I am analyzing data from microarrays with batch effect. To correct batch effect I am including this variable in the formula for the linear model:
formula <- paste("~0 ", "Group ", "Batch", sep = "+ ")
The group variable includes two categories: M_GO and NM_GO, whereas the batch variable includes three categories: Batch1, Batch2 and Batch3.
After that, I have created the design matrix, where the name of the columns are the following:
M_GO NM_GO Batch1 Batch2
Both categories for group appear because there is not an intercept. But, regarding the batch variable, only two of three categories are present. Samples with Batch1=1 & Batch2=0 will be Batch1, samples with Batch1=0 & Batch2=1 will be Batch2, and samples with Batch1=0 & Batch2=0 will be Batch3.
However, my question is regarding the contrastsmatrix. As Batch3 does not appear in the design matrix, the only comparison that can be perfomed for batch is "Batcheffect = Batch1 - Batch2".

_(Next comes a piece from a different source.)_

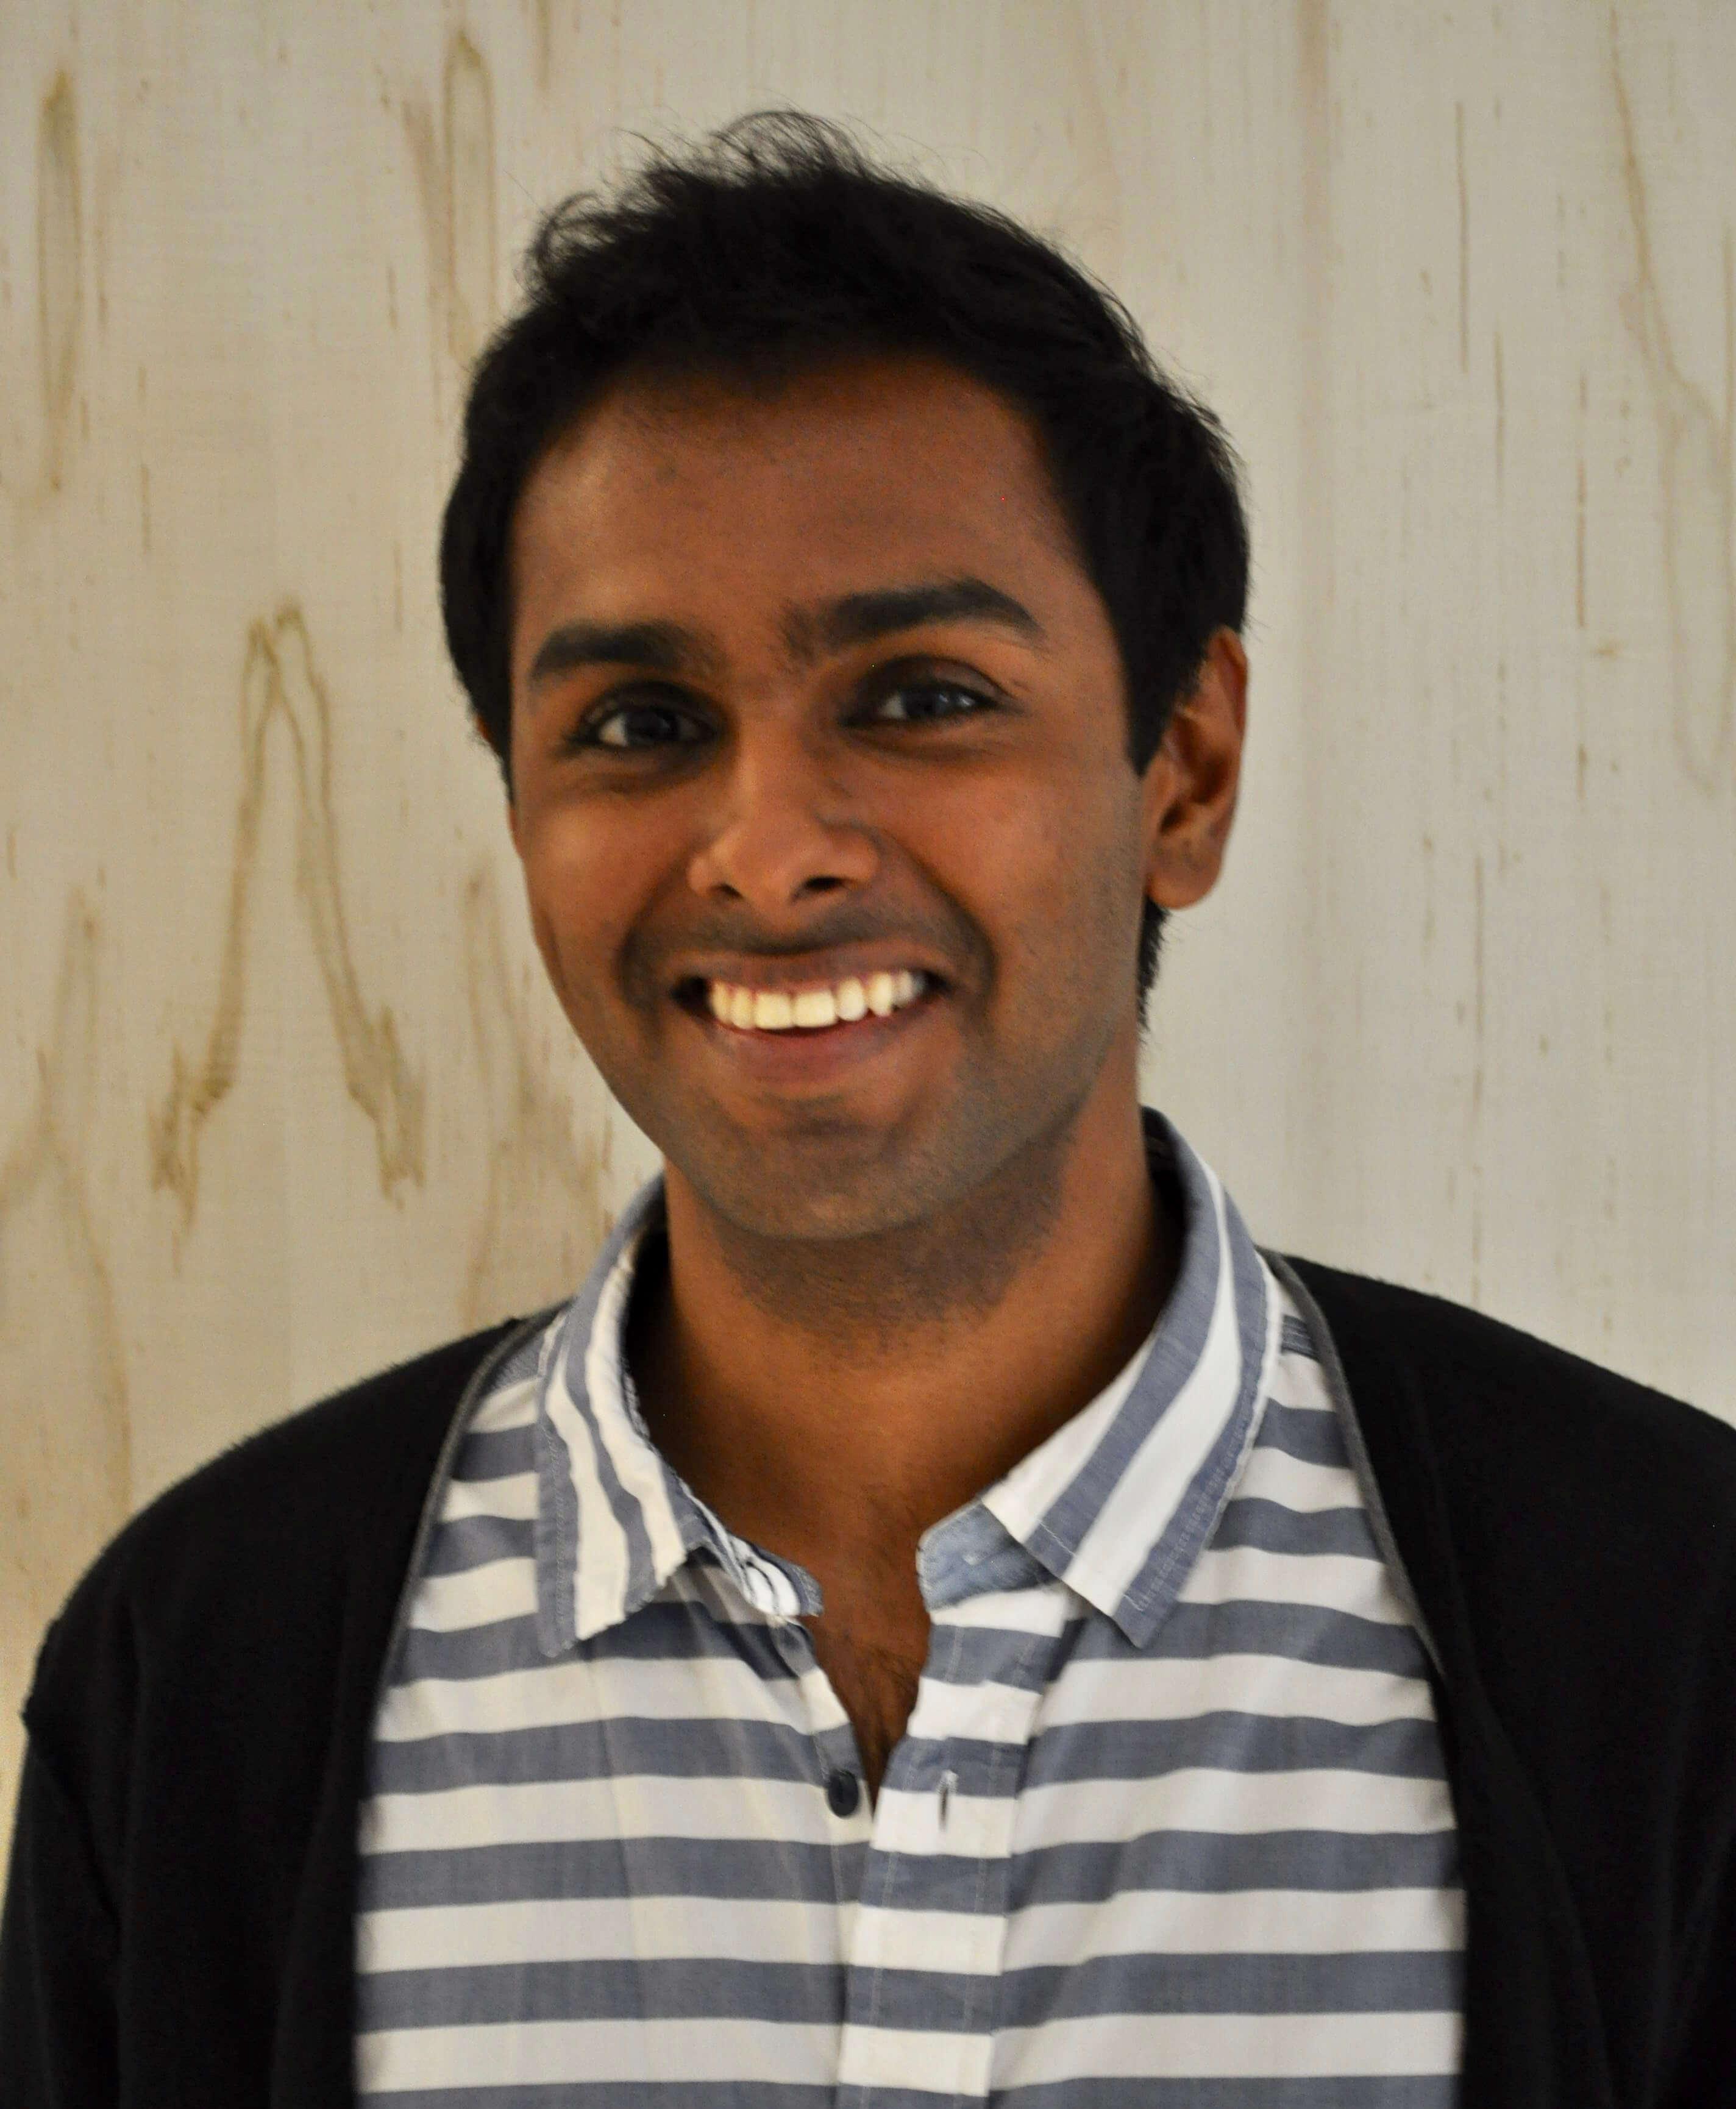 Sahir Jaggi

contrasts <- c("GO_MvsNM = M_GO - NM_GO", "Batcheffect = Batch1 - Batch2")
Is this contrasts matrix taking into account the 3 categories for batch effect? Am I doing the analysis to correct batch effect properly?
Thank you very much in advance!!
I thought I knew the answer to this but did some digging only to find out I do not...but I have a few comments. First, this question is not about batch effect at all, but rather why your design matrix has one less column than the product of the number of groups and batches in your experiment (=2*3). Try troubleshooting this more general question--i suspect that the fact that this appears to relate most directly to batch effect was a bit of a red herring in your problem solving. Check out https://stackoverflow.com/a/17284028 and the comments here https://stats.stackexchange.com/q/174976
Realistically, why are you trying to find genes DE with respect to batches? Your code for making contrasts between groups looks perfect. If you really wish to compare batches 1 vs. 2, 1 vs. 3, and 2 vs. 3, simply change the order of your variables in
model.matrix(), or for you, formula:
And you will find columns for all 3 batches in the model matrix.